Once we see that, we shall come to the conclusion that to believe Jesus is of God is to believe that, in rejecting him, people are making the most ultimate kind of rejection, the final contradiction of themselves. As Herbert McCabe explains it, the crucifixion of Jesus is not just one more case of a particular society showing its inhumanity. It is the whole human race showing the rejection of itself. Once we reach this point, we will see that Easter is not just another ordinary Sunday. In raising Jesus from the dead, the Father tells the world that He rejects humanity’s self-rejection. In affirming the very life of Jesus and the values that he stood for, God manifested a fundamental negation of human violence, domination and sin. The God who created and “loved the world so much He gave His only Son” (John 3:16) could not accept humanity’s rejection. Easter is God’s response by hitting the “pause” button and then “reset.” Our task is to see clearly what God wants us to do – to each live a beautiful and noble life, to bear witness to true humanity, to faithfully and humbly love God and neighbour.

4. The Centurion Drives Us Back to the Gospels

It goes without saying that the centurion’s faith was incomplete without the Resurrection, but the grace that moved him certainly helps us to see a great deal of crucial revelation, one element of which we ought to clearly state: It is possible to have faith even before the Resurrection. Our Christian task clearly includes diligent reading of the bulk of the pre-resurrection Gospel accounts for Christian living.
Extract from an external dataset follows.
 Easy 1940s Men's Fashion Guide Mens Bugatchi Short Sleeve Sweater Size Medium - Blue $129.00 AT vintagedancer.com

You may then ask, if this faith before the Resurrection is so important, why is it that in our Creed the Church skips the whole lot of details before Good Friday and went straight from “He was conceived by the Holy Spirit and born of the Virgin Mary” to “he suffered under Pontius Pilate”? The reason, in the main, is that the Christian creeds, progressively modified over time, were first formulated in the 4th century to combat heresies. Primarily the Nicene Creed was adopted in 325 AD to define Christ’s divinity, then expanded at the first Council of Constantinople in 381 AD to articulate the doctrine of the Trinity. Then, in 451 AD, the Council of Chalcedon supplemented the Nicene formulation and produced the foundational doctrine of the two natures of Jesus Christ as true God and true Man. The first five centuries, therefore, was a time of the Church struggling with competing and even heretical teachings on the true nature of Jesus Christ. In all this, we must understand, the Church was debating “faith” issues, not issues of moral discipline and Christian living.
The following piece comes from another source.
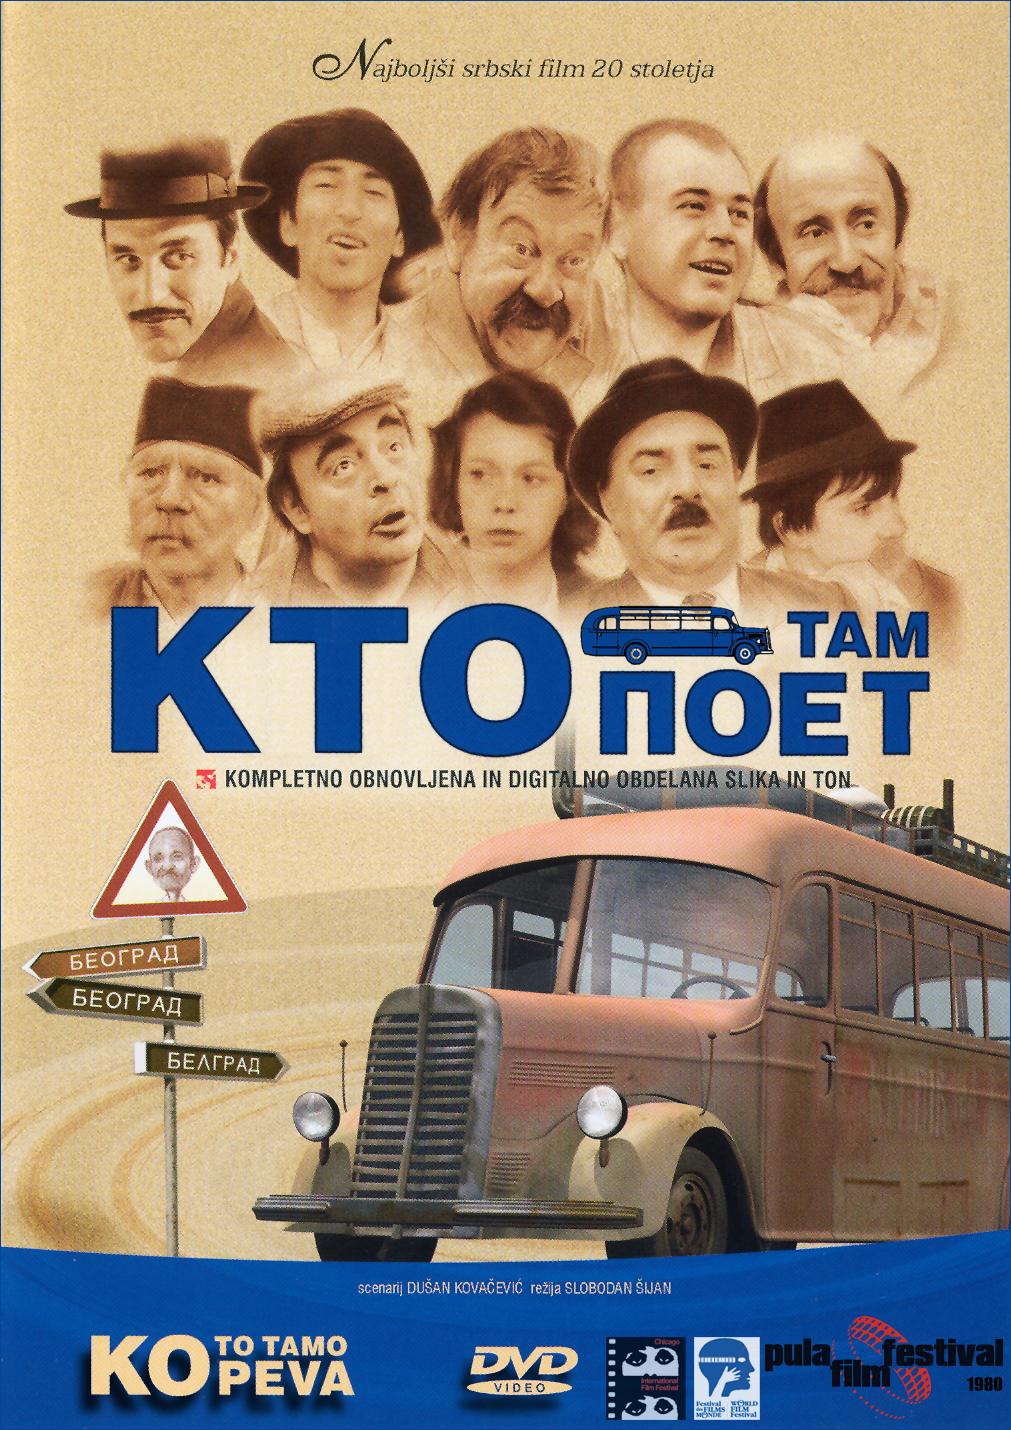 Кто там поет - Ko to tamo peva
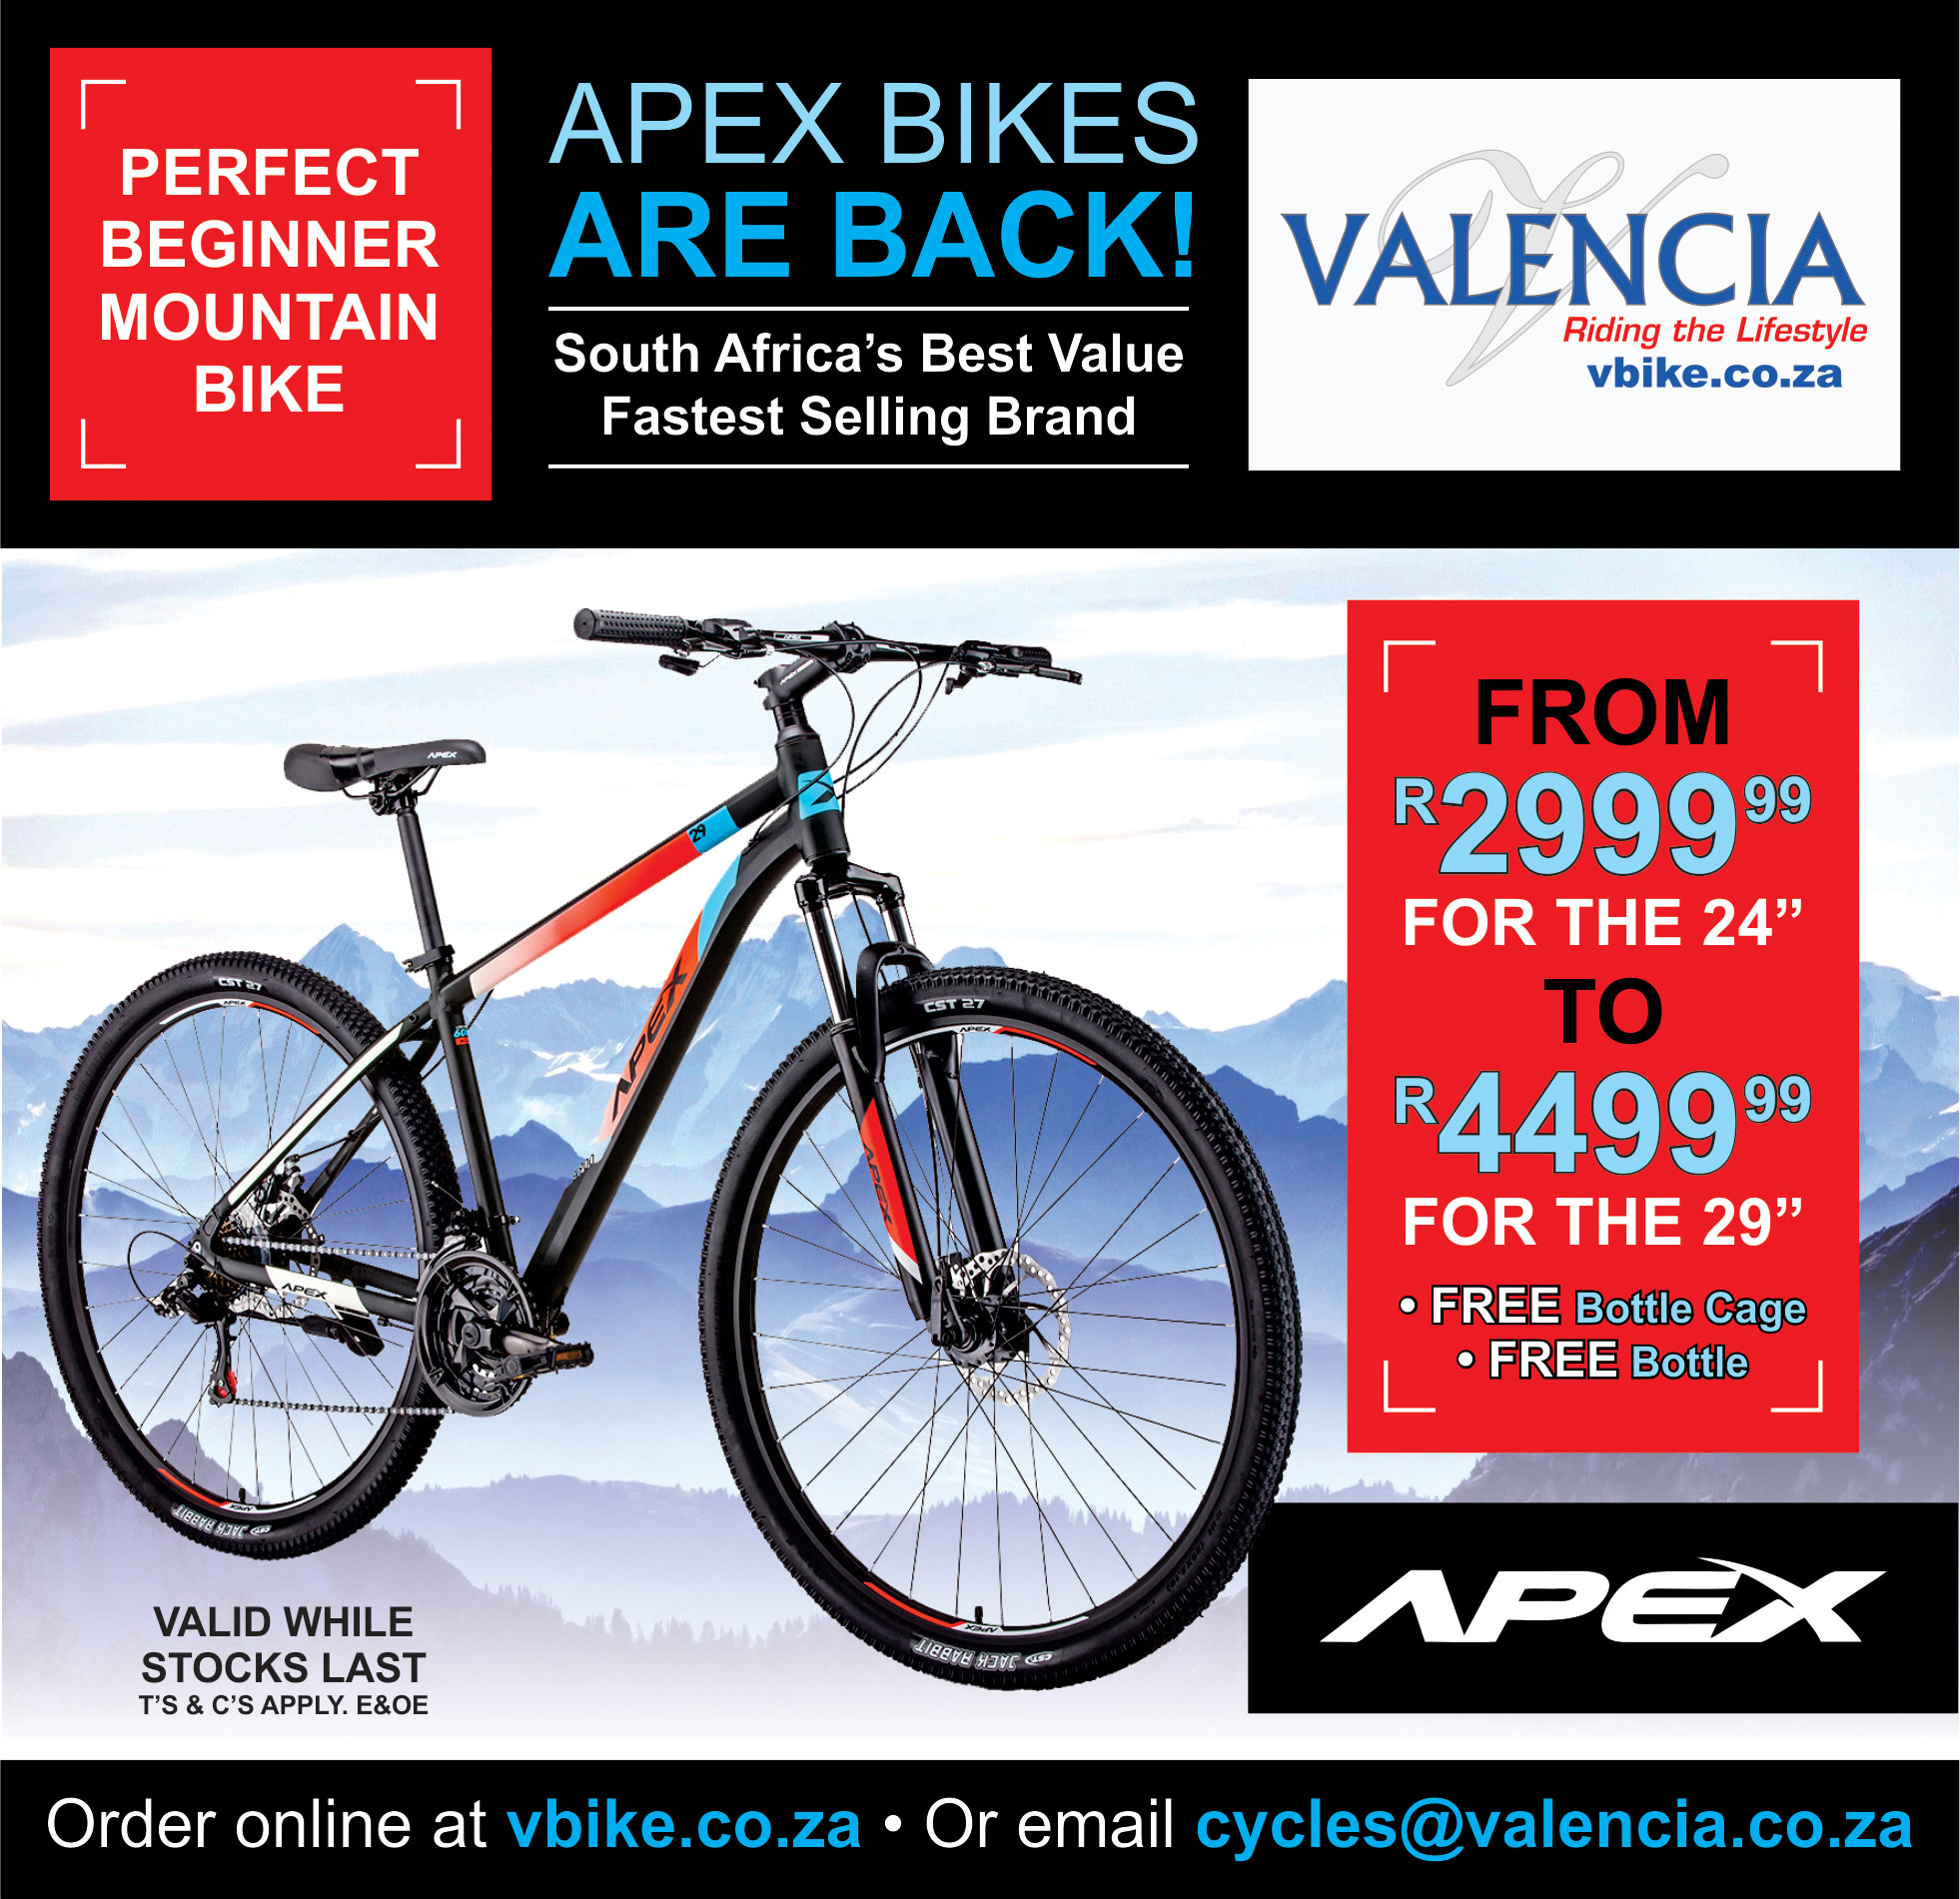 apex-bikes-ad-2-1-.jpg

Yet, what emerges from the centurion’s utterance must drive us all to return again and again to the Gospels to read about the noble life, teachings and deeds of Jesus of Nazareth during his three years of public ministry. It seems all the more urgent today that we do so, for we see clearly that from the days of John the Baptist until now, the Kingdom of God that Jesus inaugurated suffers from violence, and the violent are containing its advancement by force.